# 1 Witch's Shelf complete, well....



## MapThePlanet (Nov 12, 2010)

I started with an idea of what I wanted to do with a free shelf, ended up with something kinda close. I still need some finishing touches and "grunge" it up a bit.

http://http://www.facebook.com/media/set/?set=a.3543621349716.2127950.1247961900&type=1


----------



## MrGrimm (May 19, 2009)

Hey Map,

The link isn't working for me and I see that you have http: in there twice... could that be it?


----------



## MapThePlanet (Nov 12, 2010)

Doh! Yep, been THAT kind of weekend!


----------



## Hairazor (Mar 13, 2012)

Wow, what a great transformation!


----------



## Headless (Sep 4, 2011)

Looks great - well done!


----------



## dudeamis (Oct 16, 2011)

cool!


----------



## MapThePlanet (Nov 12, 2010)

Thanks...Planning on doing at least 1 more before the week is over. We'll see, too many projects, too little time!


----------



## Fiend4Halloween (Aug 28, 2008)

got any pix for those of us that don't have Facebook? When clicking the link, it just takes us to a log in page. Would like to see what it looks like. ...plus this will give people a chance to catch their breath from reading that yes, some of us dont have Facebook......lol.


----------



## Copchick (Apr 10, 2012)

@ Fiend4Hallowee - When I click on it says it's unavailable. Nope, sorry don't do facebook. Haunt forum is as social as I'm going to be online! Lol! I wish I could see the pics too.


----------



## MapThePlanet (Nov 12, 2010)

Sorry guys & Gals, I forget....http://www.hauntforum.com/album.php?albumid=1211


----------



## scareme (Aug 29, 2006)

Looks great. What an improvement to the shelves. You know, I think you can put a skull anywhere, and it just makes the whole thing look so warm and homey.


----------



## MrGrimm (May 19, 2009)

Nice job! I agree with scareme, a skull is universal, it just fits anywhere!


----------



## Copchick (Apr 10, 2012)

MTP - What a transformation! I like the look. Maybe adding more jars with just weird looking stuff inside and bottles with different colored liquids. For example, I had some branches from a locust tree fall. They had really big thorns all over the branches. I removed them (carefully) and put them inside a small jar. Thought they might be of use some day. The jar would be perfect for your shelves. I'd call the jar "Gargoyle Toenails" Just look at things differently and call them something else. How about a spellbook on the shelf? 
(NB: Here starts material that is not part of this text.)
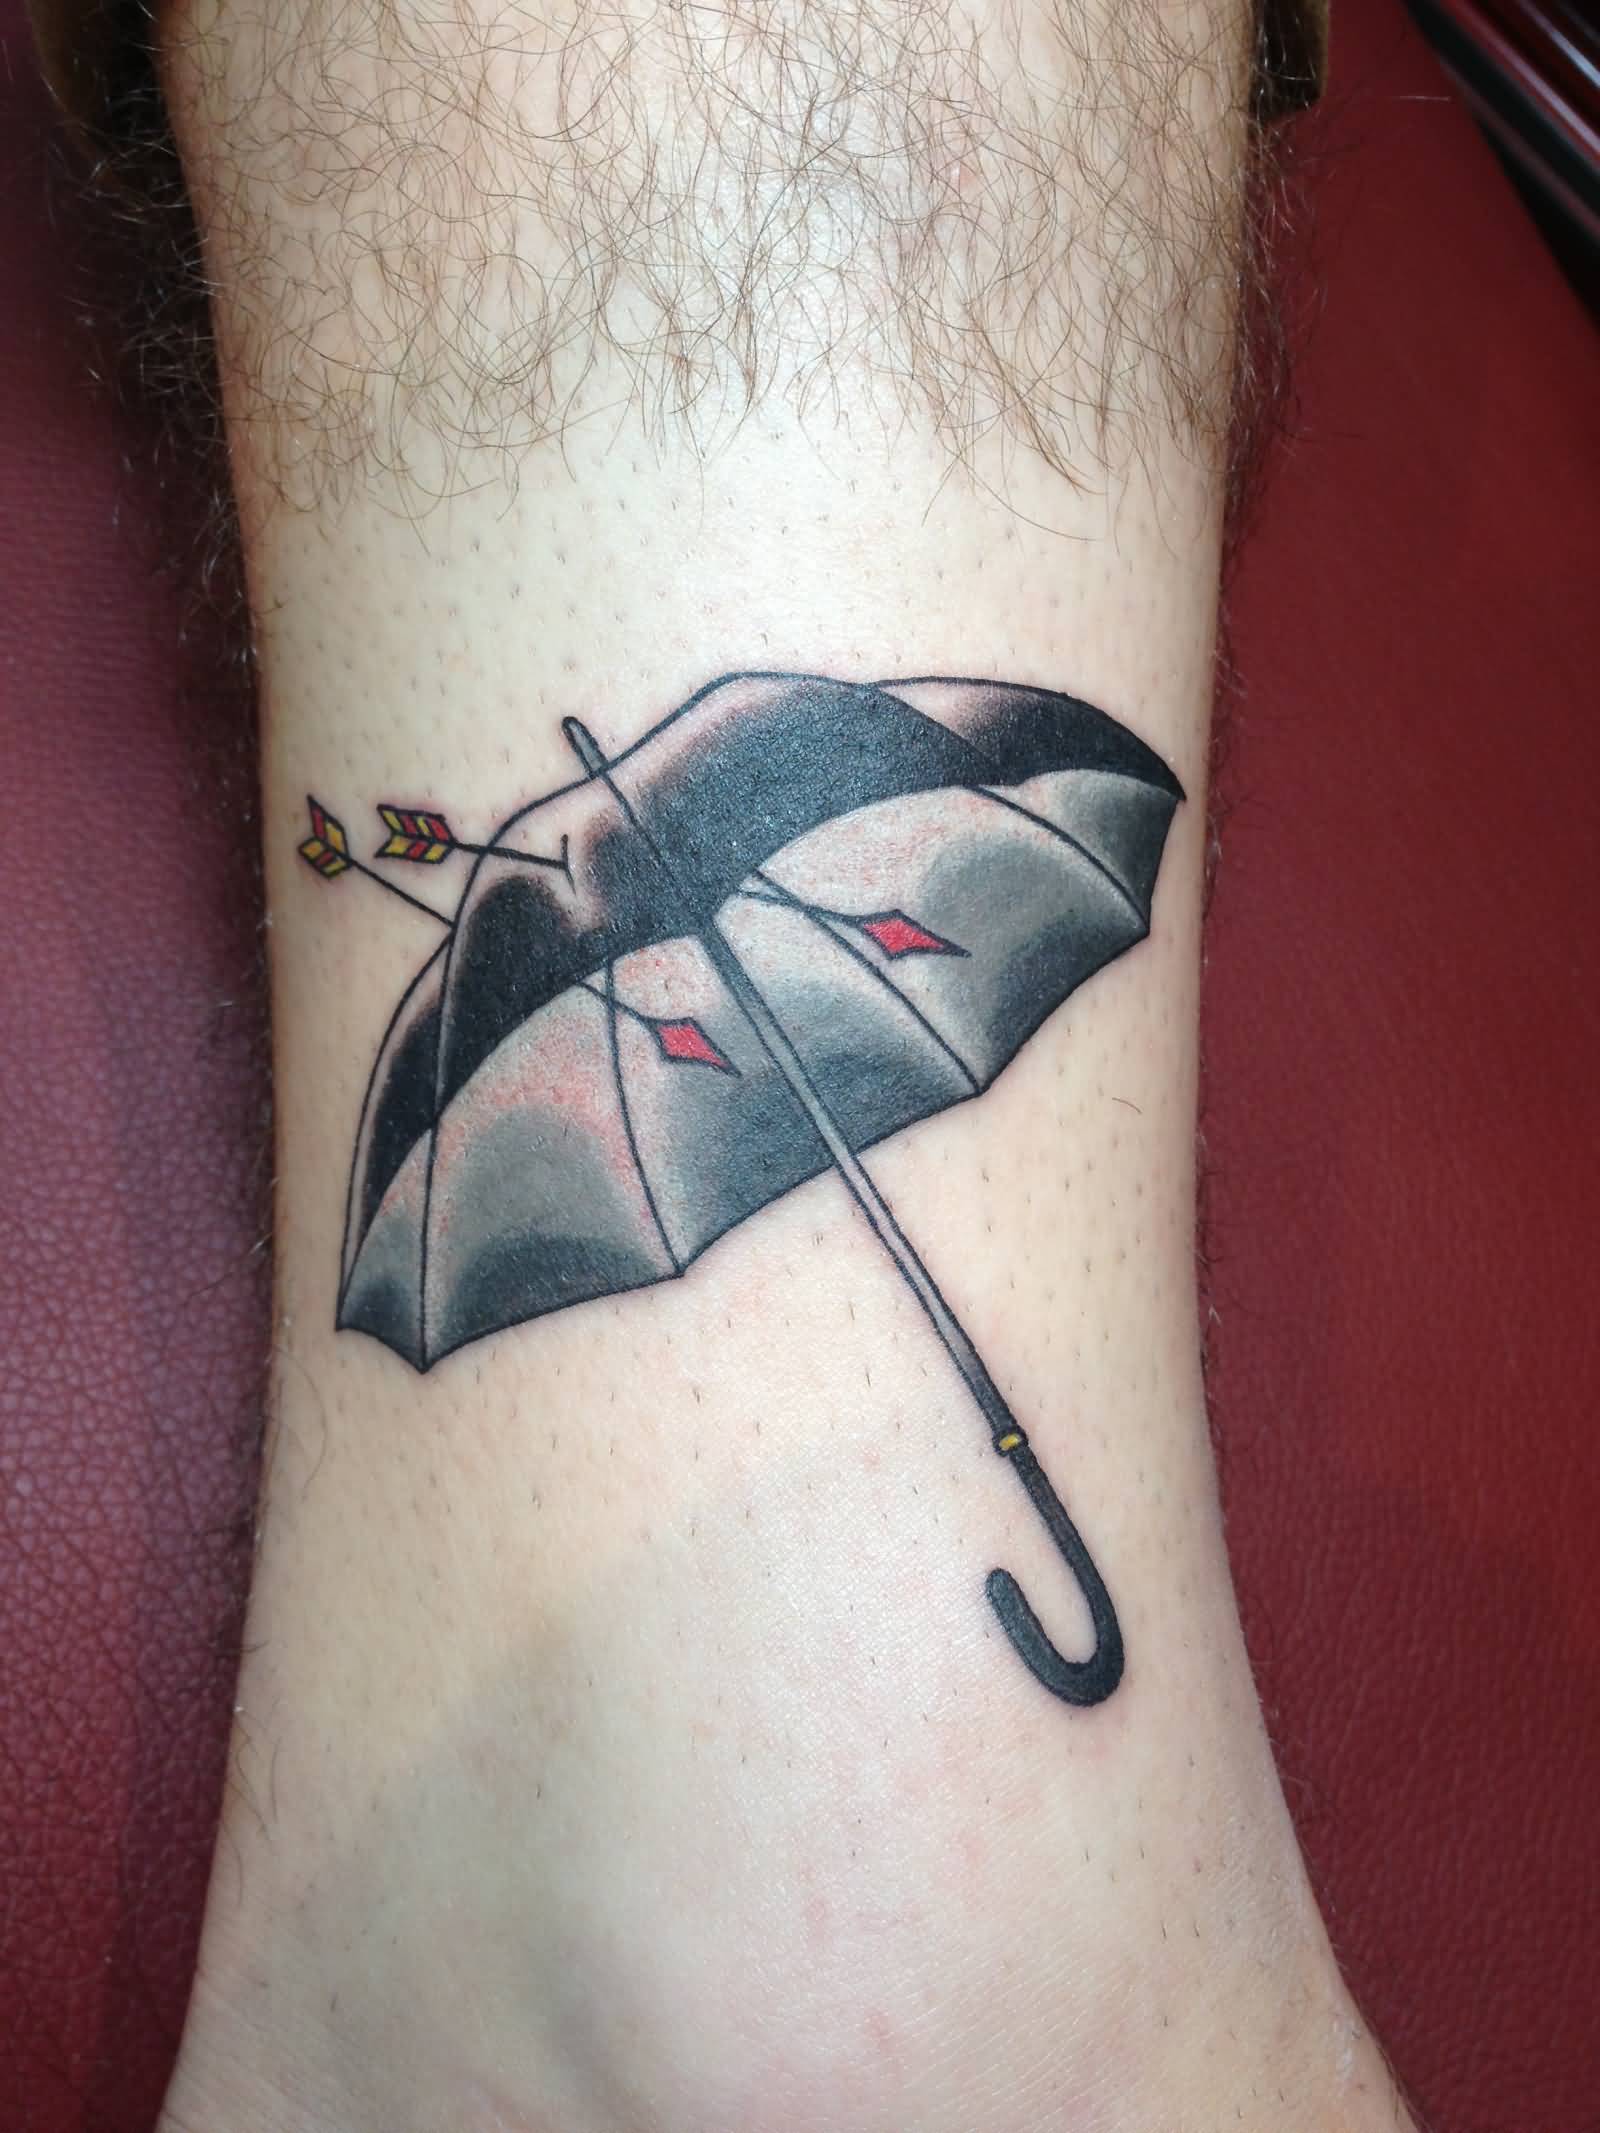 Umbrella Tattoo Designs, Ideas and Meaning | Tattoos For You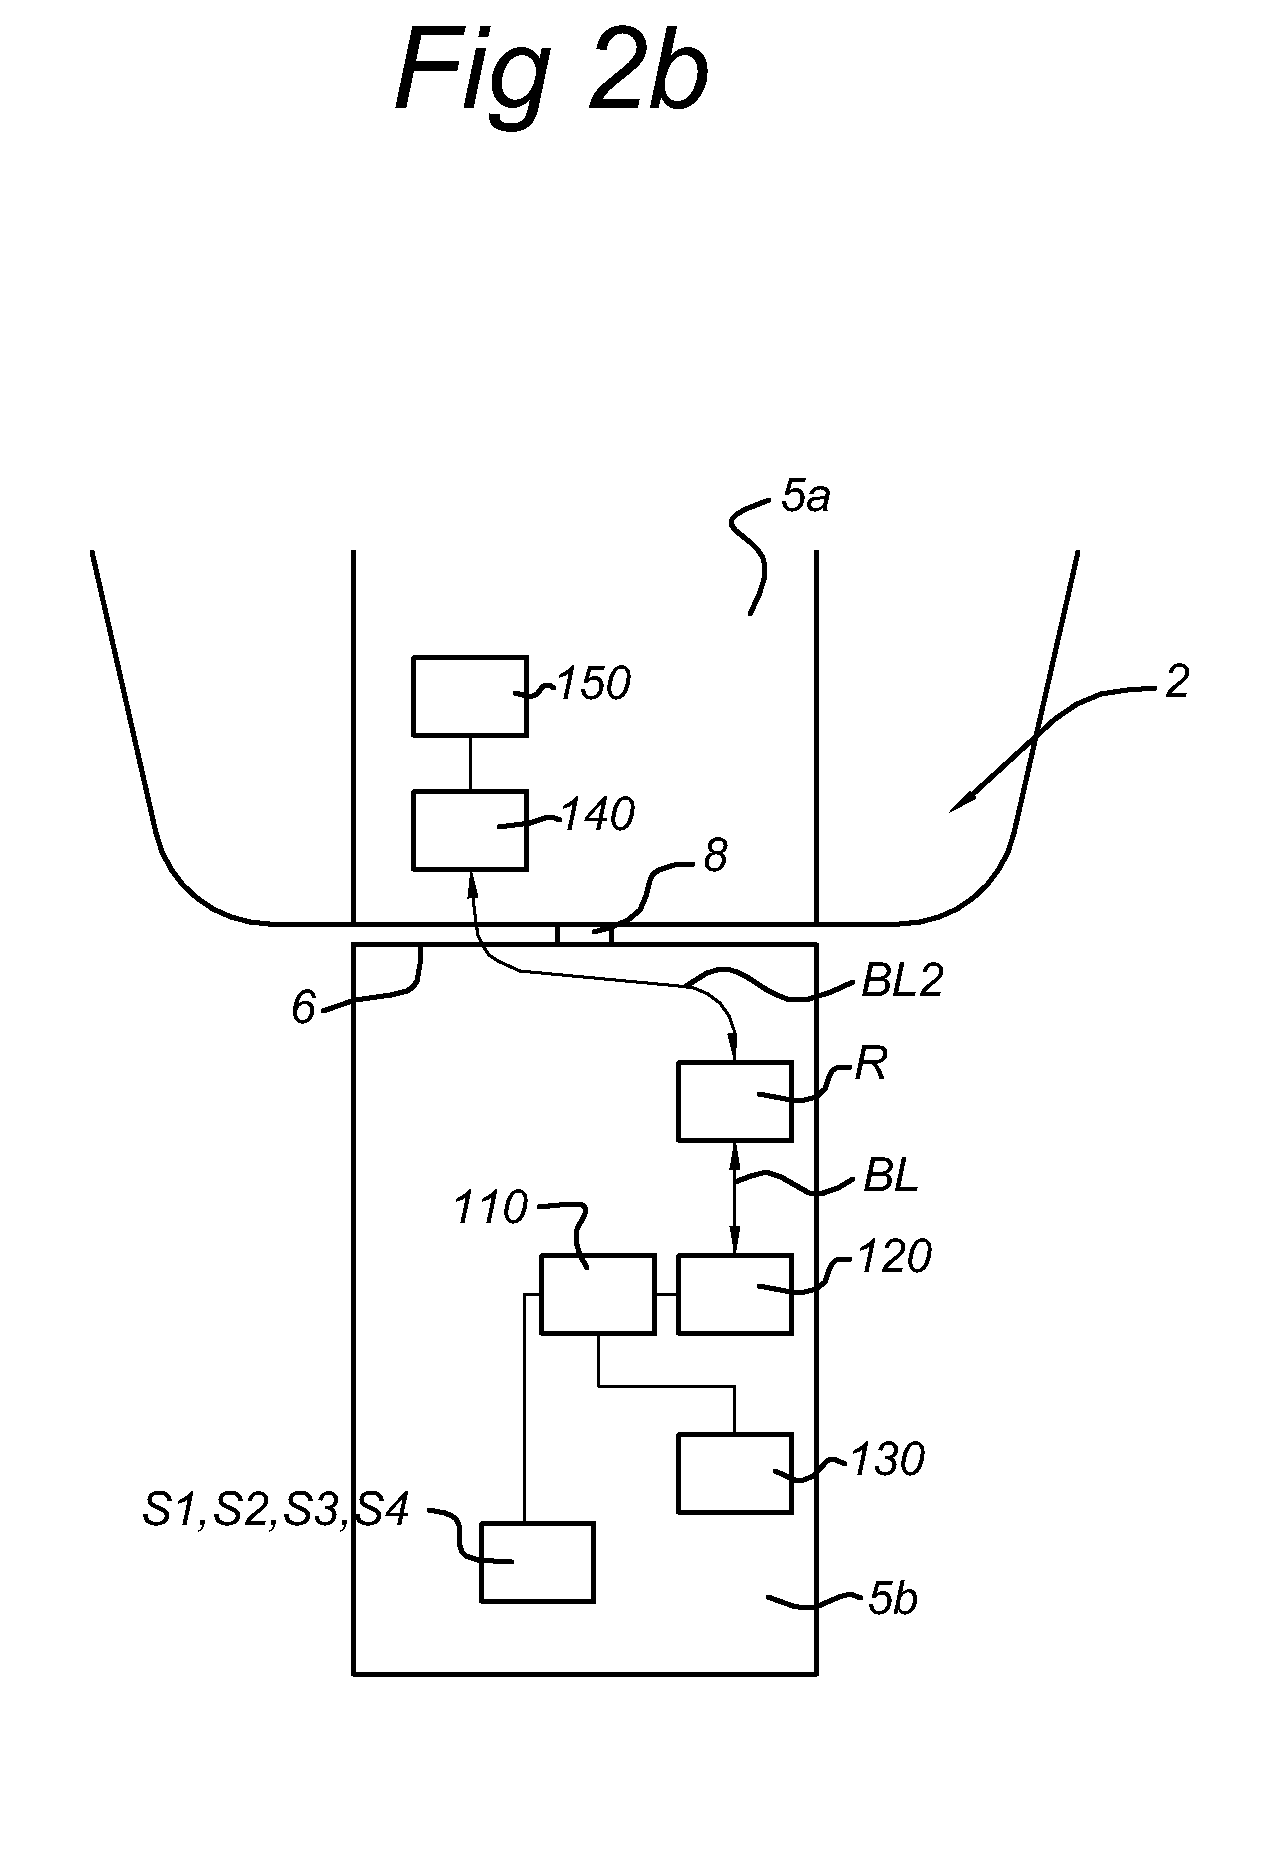 Telemetry system for ship propulsion systems

Your shelves look really great!


----------



## niblique71 (Dec 2, 2009)

I'm always amazed at people who can make a set of shelves look so "Halloween". Thanks to you and others I'm learning  it's always about the details ....and It looks fantastic.


----------



## CreeepyCathy (Mar 28, 2009)

wow! that looks great! love all the details.


----------